A freight train has a mass of 1.5 x 10^7 kg . If the locomotive can exert a constant pull of 7.5 X 10^5 N, how long does it take to increase the speed of the train from rest to 80 km /h?

444s

To calculate the time it takes to increase the speed of the train from rest to 80 km/h, we need to use Newton's second law of motion, which states that the force applied to an object is equal to its mass multiplied by its acceleration:

F = m * a

In this case, the force (F) exerted by the locomotive is given as 7.5 x 10^5 N, and the mass (m) of the train is given as 1.5 x 10^7 kg. We need to find the acceleration (a) of the train.

Next, we can use the formula for calculating acceleration:

a = ∆v / ∆t

where ∆v is the change in velocity and ∆t is the change in time.

Given that the train starts from rest (0 km/h) and increases to 80 km/h, the change in velocity (∆v) is 80 km/h - 0 km/h = 80 km/h.

However, it's necessary to convert the velocity from km/h to m/s, as the SI unit of acceleration is meters per second squared (m/s²).

To convert km/h to m/s, we use the conversion factor: 1 km/h = 1000 m/3600 s = 5/18 m/s.

Therefore, the change in velocity (∆v) is (80 km/h) * (5/18 m/s) = (400/18) m/s ≈ 22.22 m/s.

Now, we can rearrange the equation for acceleration to solve for the change in time (∆t):

∆t = ∆v / a

Plugging in the values, we get:

∆t = 22.22 m/s / a

Now, we can solve for acceleration (a) using Newton's second law:

F = m * a
a = F / m

Plugging in the values, we get:

a = (7.5 x 10^5 N) / (1.5 x 10^7 kg)
a ≈ 0.05 m/s²

Now, we can substitute the value of acceleration (a) into the equation for ∆t:

∆t = 22.22 m/s / 0.05 m/s²
∆t ≈ 444.4 s

So, it takes approximately 444.4 seconds (s) for the train to increase its speed from rest to 80 km/h.

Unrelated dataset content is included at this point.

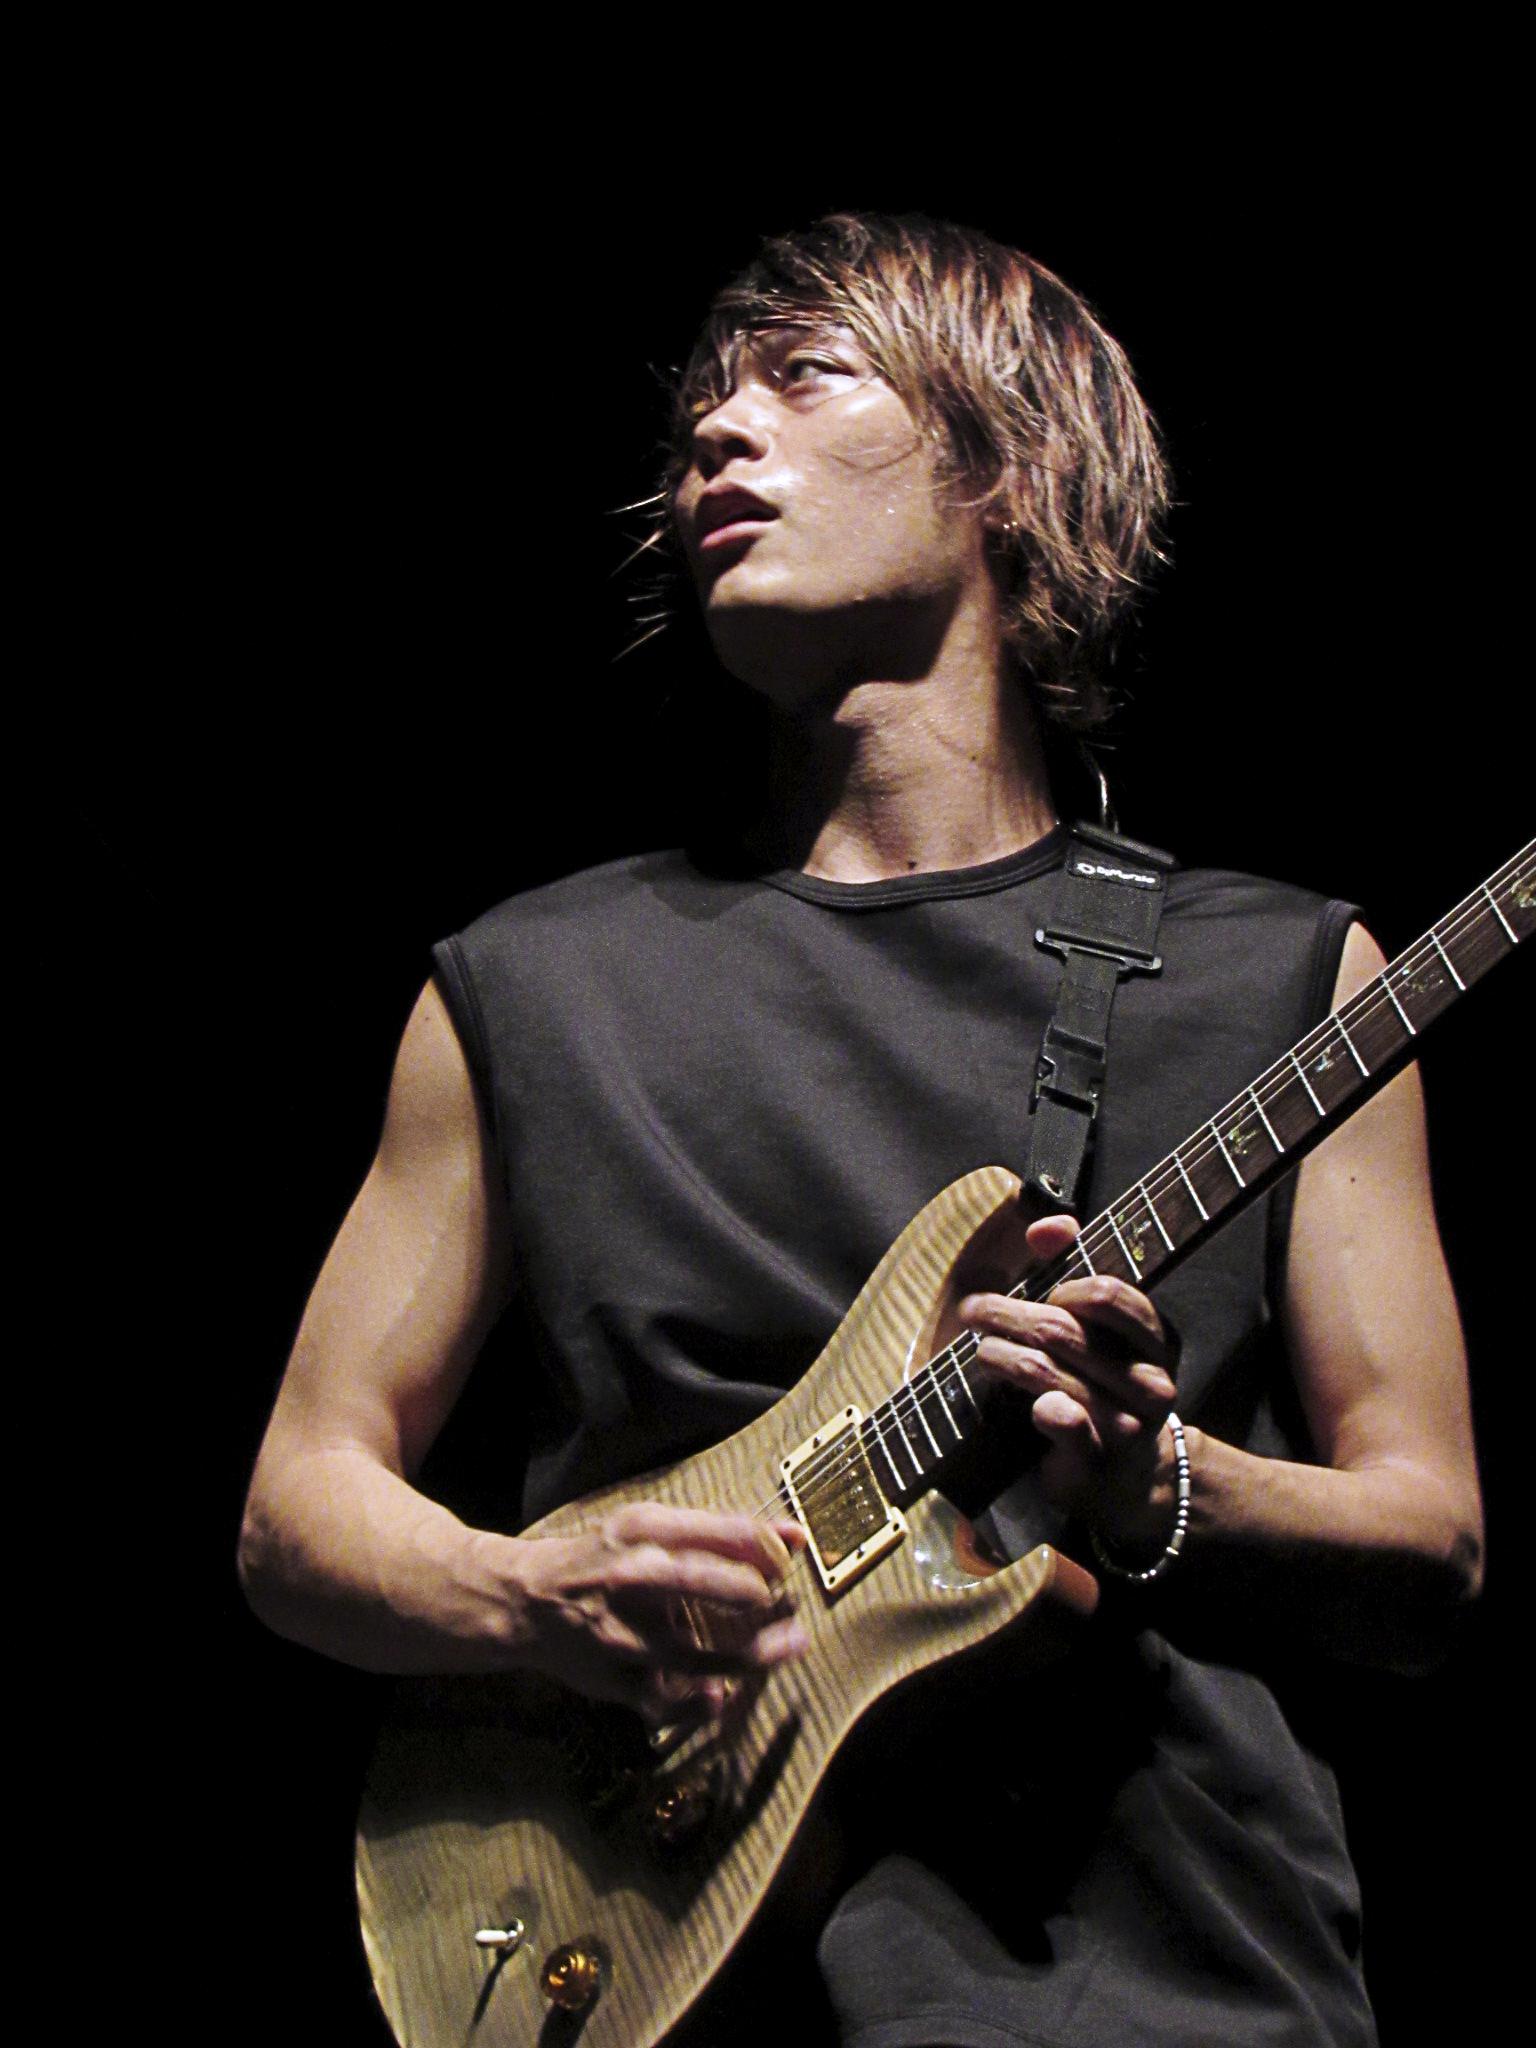 Toru Yamashita of One Ok Rock

To determine the time it takes to increase the speed of the train from rest to 80 km/h, we can use Newton's second law of motion. The formula for Newton's second law is:

F = ma

Where:
F = force applied (in Newtons)
m = mass of the object (in kilograms)
a = acceleration (in meters per second squared)

In this case, the force is the pull exerted by the locomotive, which is 7.5 x 10^5 N, and the mass of the train is 1.5 x 10^7 kg. We can rearrange the formula to solve for acceleration:

a = F/m

Plugging in the values, we get:

a = (7.5 x 10^5 N) / (1.5 x 10^7 kg)

a = 0.05 m/s^2

Now, we need to convert the final speed from kilometers per hour to meters per second. There are 1000 meters in a kilometer and 3600 seconds in an hour, so:

Final speed = (80 km/h) * (1000 m/km) * (1 h/3600 s)

Final speed ≈ 22.22 m/s

To find the time it takes to achieve this final speed, we can use the following kinematic equation:

v = u + at

Where:
v = final velocity (22.22 m/s)
u = initial velocity (0 m/s)
a = acceleration (0.05 m/s^2)
t = time (in seconds)

Rearranging the equation to solve for time:

t = (v - u) / a

Plugging in the values, we get:

t = (22.22 m/s - 0 m/s) / 0.05 m/s^2

t ≈ 444.4 s

Therefore, it takes approximately 444.4 seconds to increase the speed of the train from rest to 80 km/h.